→ **INSTRUCTIONS TO FOLLOW**:
No picture belongs in the copy. Repeat each line below exactly.

→ **GIVEN DATA**:
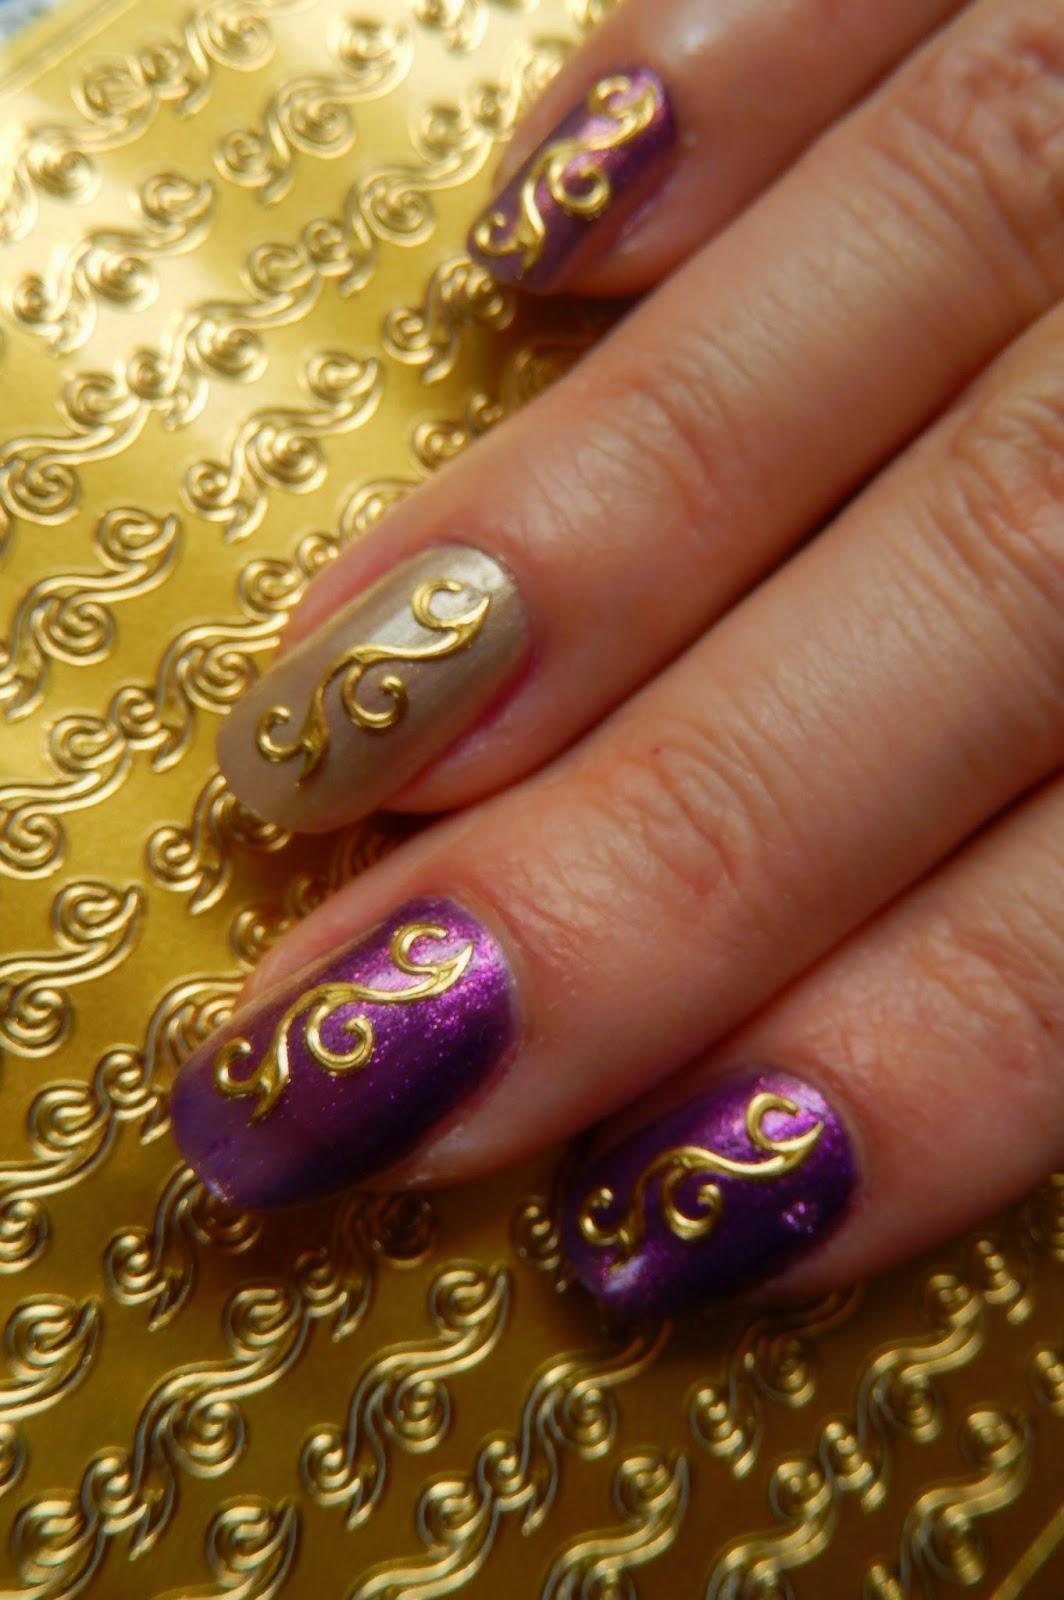 http://www.bornprettystore.com/makeup-beauty-c-270.html
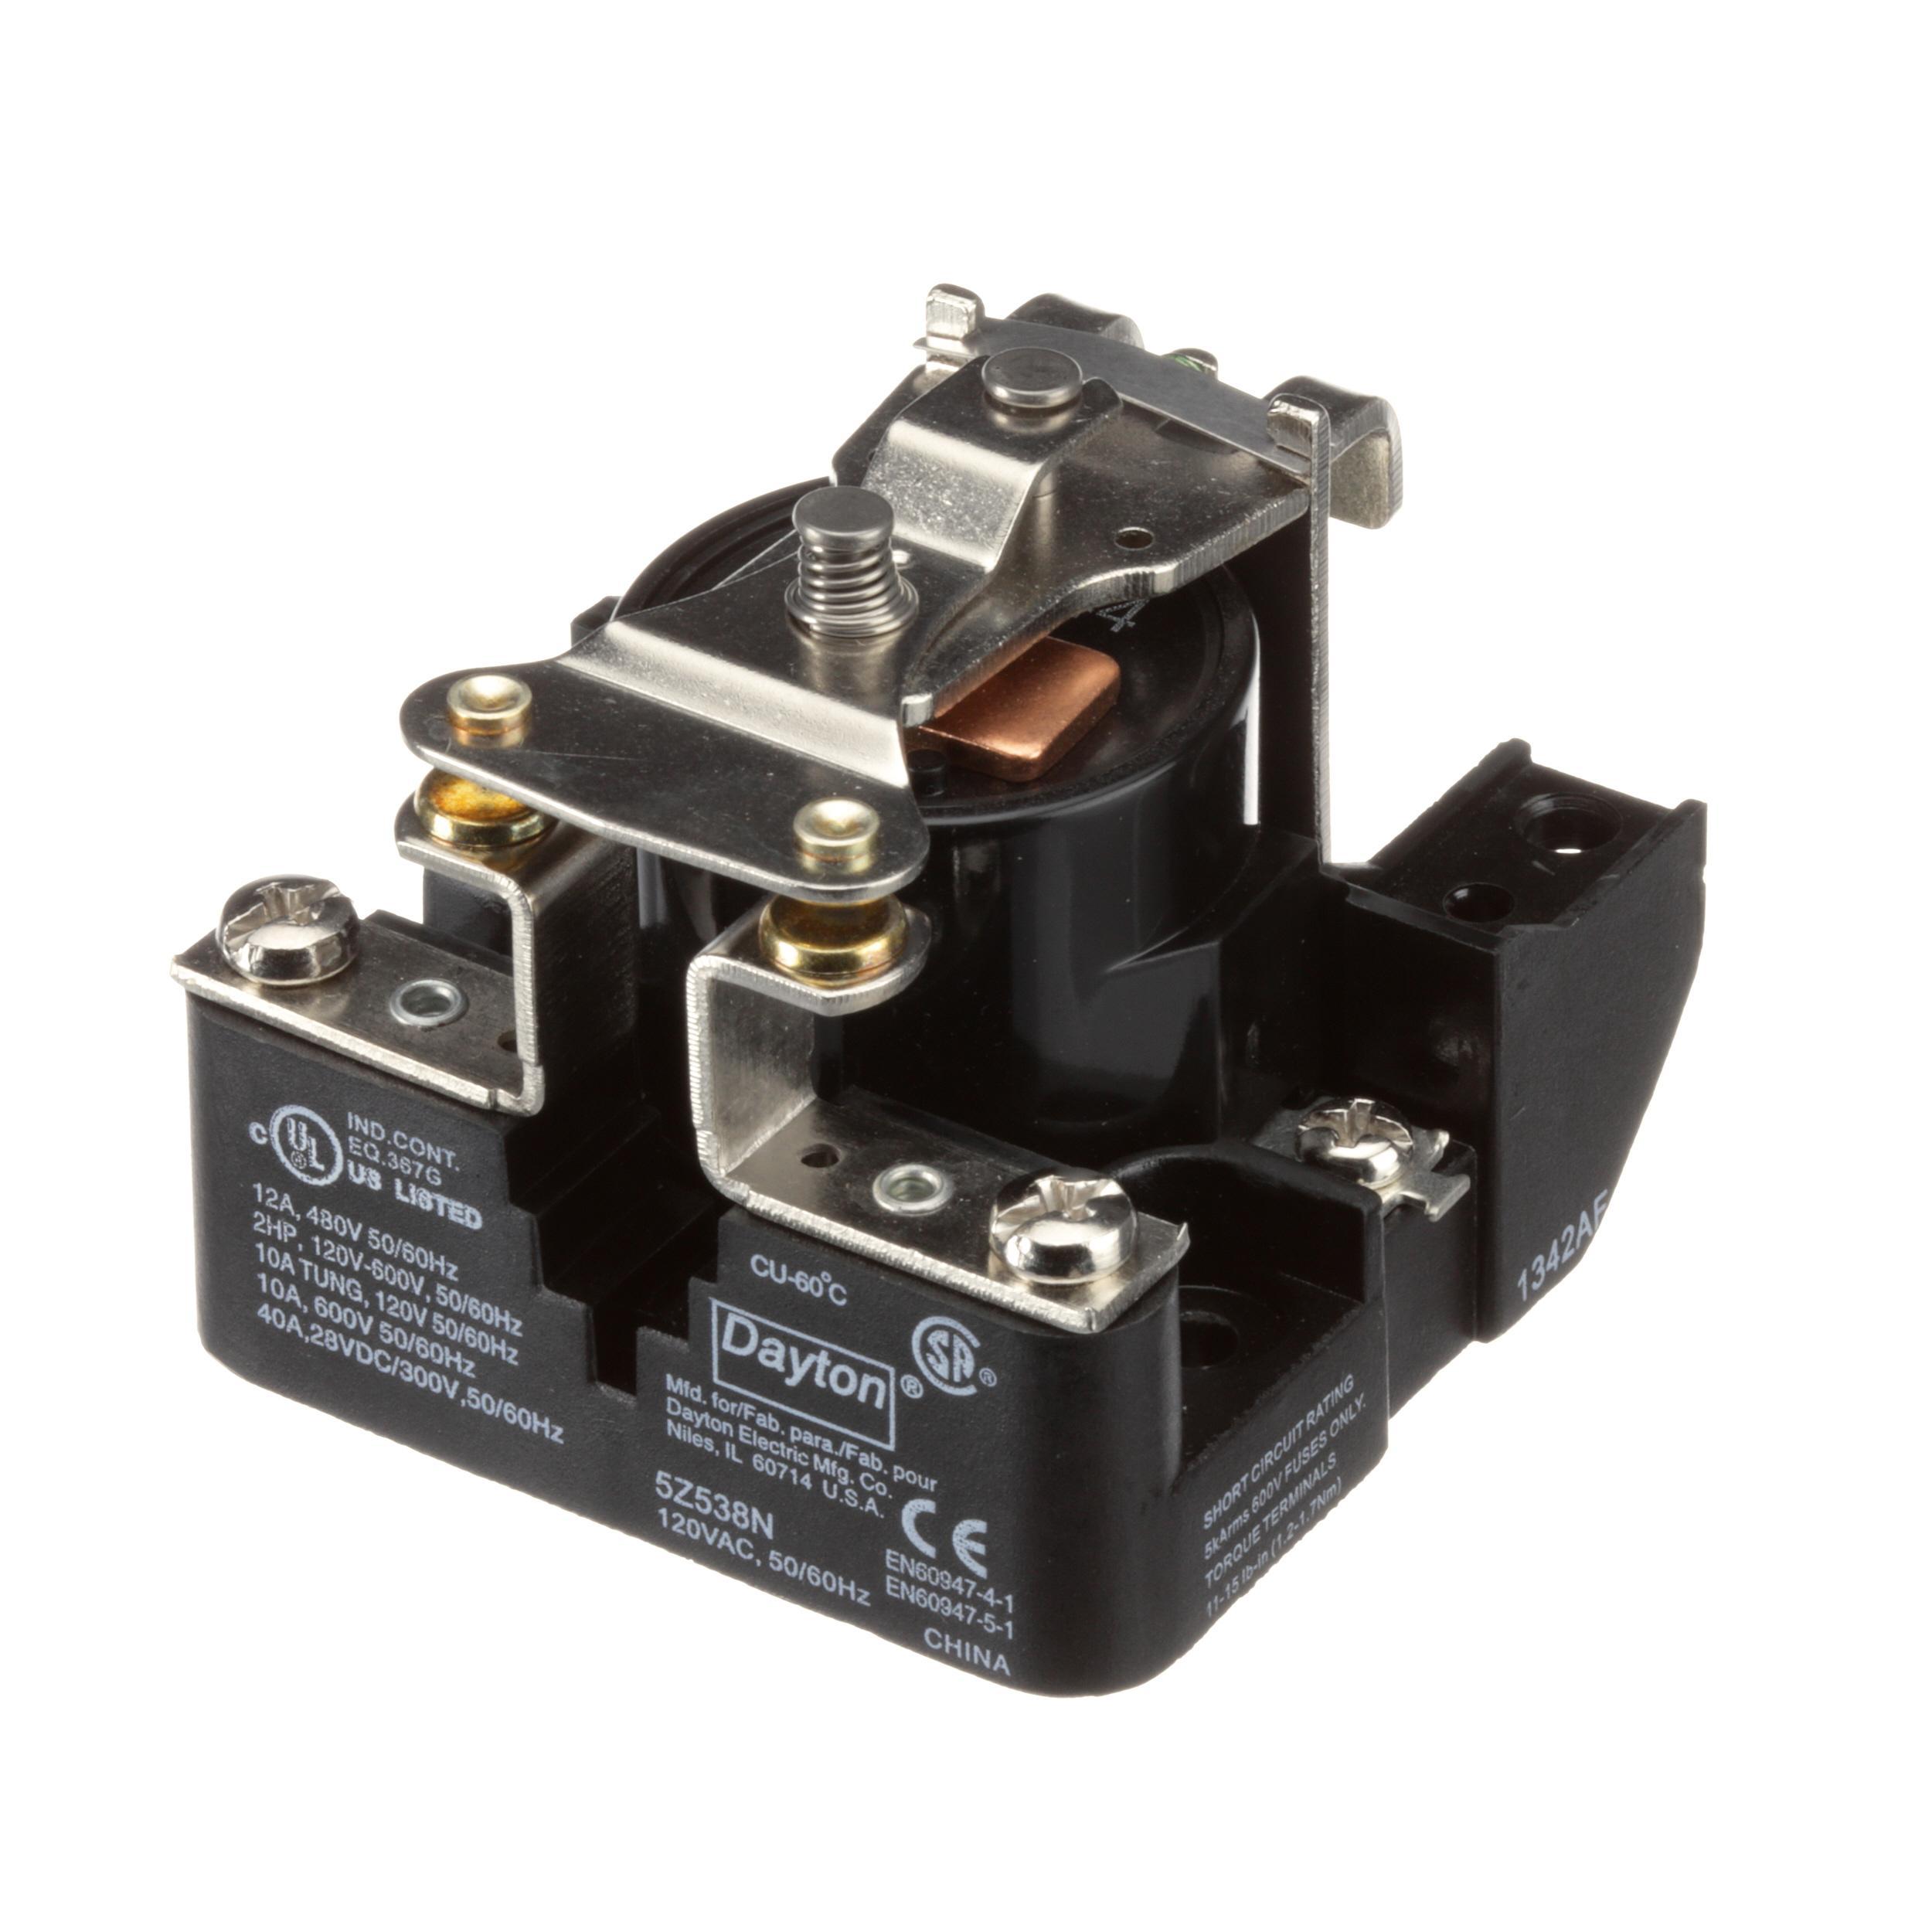 Centramatic Motor Relay Part 605d
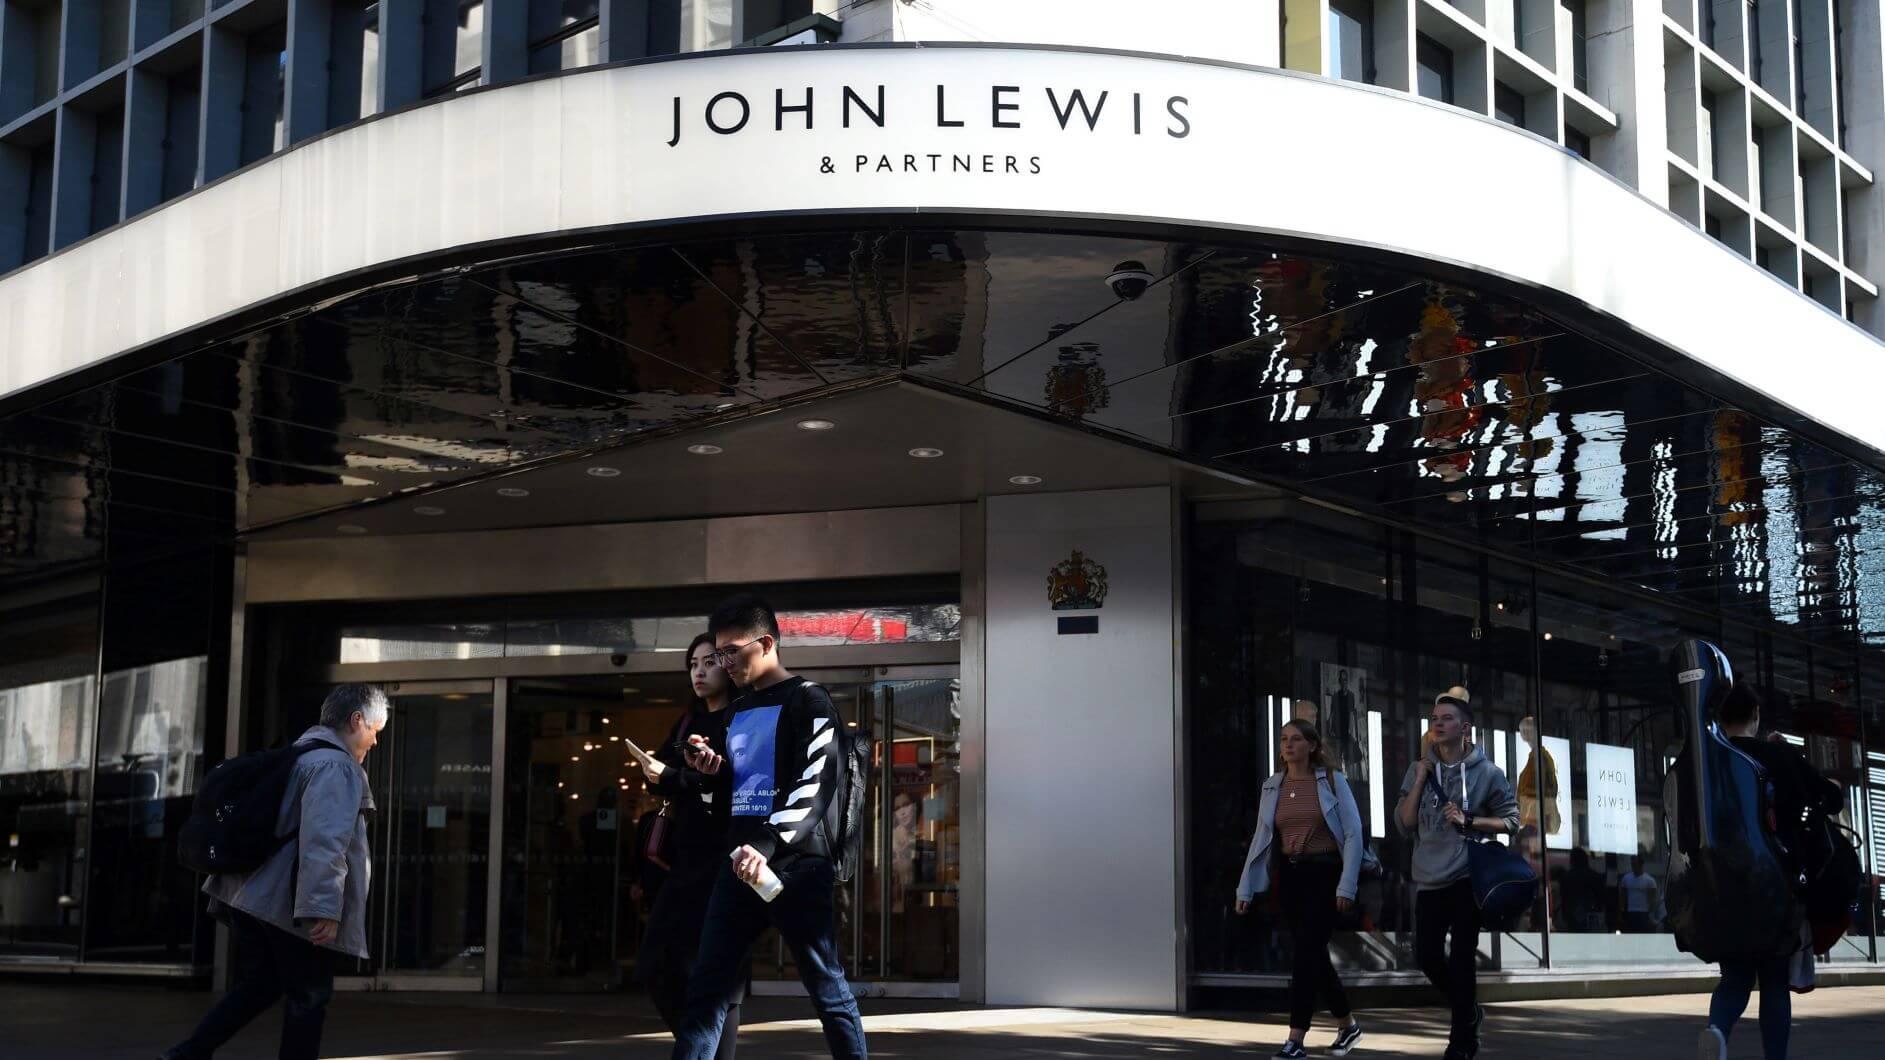 John Lewis Sounds Alarm Over No-Deal Brexit As It Slumps To A Loss

→ **ANSWER TO THIS PROBLEM**:
 http://www.bornprettystore.com/makeup-beauty-c-270.html
 Centramatic Motor Relay Part 605d
 John Lewis Sounds Alarm Over No-Deal Brexit As It Slumps To A Loss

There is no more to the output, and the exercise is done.